Geeta Patel, University of Virginia

Geeta Patel is an Associate Professor of Gender and Women's Studies and Middle Eastern and South Asian Languages and Cultures at the University of Virginia. Her research has engaged with the politics, poetics, and economics of violence, loss, and transgression.
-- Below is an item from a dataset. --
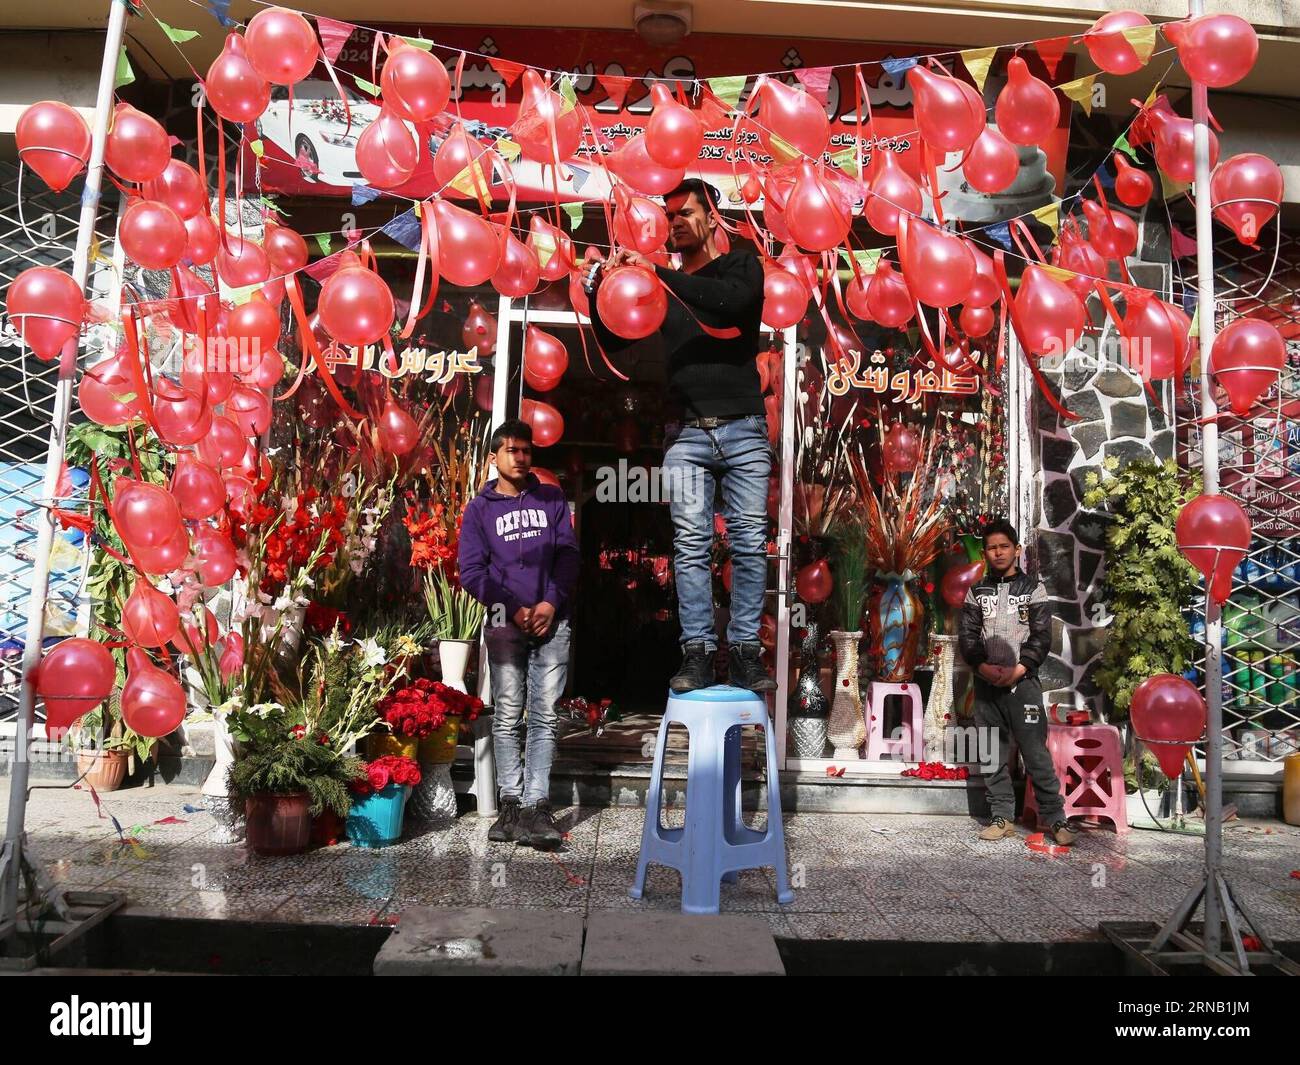 (160214) -- KABUL, 14. Februar 2016 -- ein afghanischer Mann arrangiert Ballons in einem Geschäft am Valentinstag in Kabul, Hauptstadt Afghanistans, 14. Februar 2016. Traditionell sind die meisten Afghanen dem Valentinstag nicht bewusst, aber einige Jugendliche feiern den Tag, indem sie Blumen an ihre Lieben schicken. ) (azp) AFGHANISTAN-KABUL-VALENTINE S DAY RahmatxAlizadah PUBLICATIONxNOTxINxCHN Kabul 14. Februar 2016 To Afghan man arrangiert Ballons in einem Shop AM Valentine S Day in Kabul Hauptstadt von Afghanistan 14. Februar 2016 traditionell kennen die meisten Afghanen den Valentinstag nicht Stockfoto
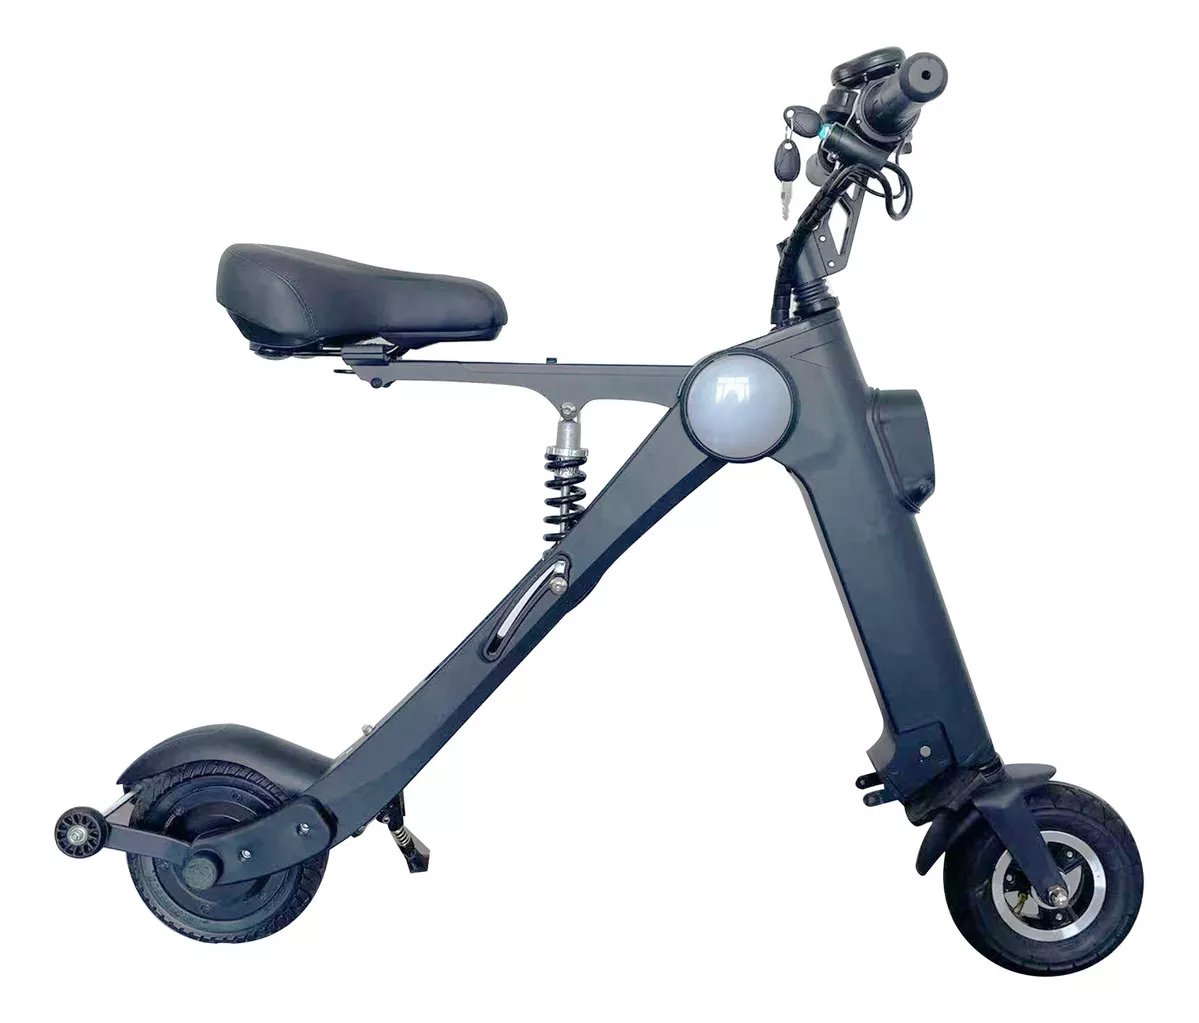 Primera imagen para búsqueda de scooter electrico con asiento

Her book, from Stanford University Press, Lyrical Movements, Historical Hauntings:  Gender, Colonialism and Desire in Miraji’s Urdu Poetry (2002) focusing on a renegade writer, Miraji, reads gender and sexuality in twentieth century Urdu poetic movements that emerge out of the lyric of loss.  She has translated widely from  from prose and poetry composed in Sanskrit, Urdu, Hindi, Braj and Awadhi.  Patel’s most recent manuscripts on South Asia, Homeliness and its desserts :  Rethinking Ismat Chughtai and Billboard Intimacies:  Gendering the Global Nation are informed by queer/gender theory, political economy, postcolonial/diaspora/subaltern historiography, and crossover questions from cyborg feminism and physics.  Her current project Insuring Selves, Assuring a Future:  The Poetics of Finance (manuscript in progress) insurance, pensions, transnational capital, rights and state formations (from 1750-2002) in South Asia, works through gender to grapple with the liaisons between capital, subjectivity and loss.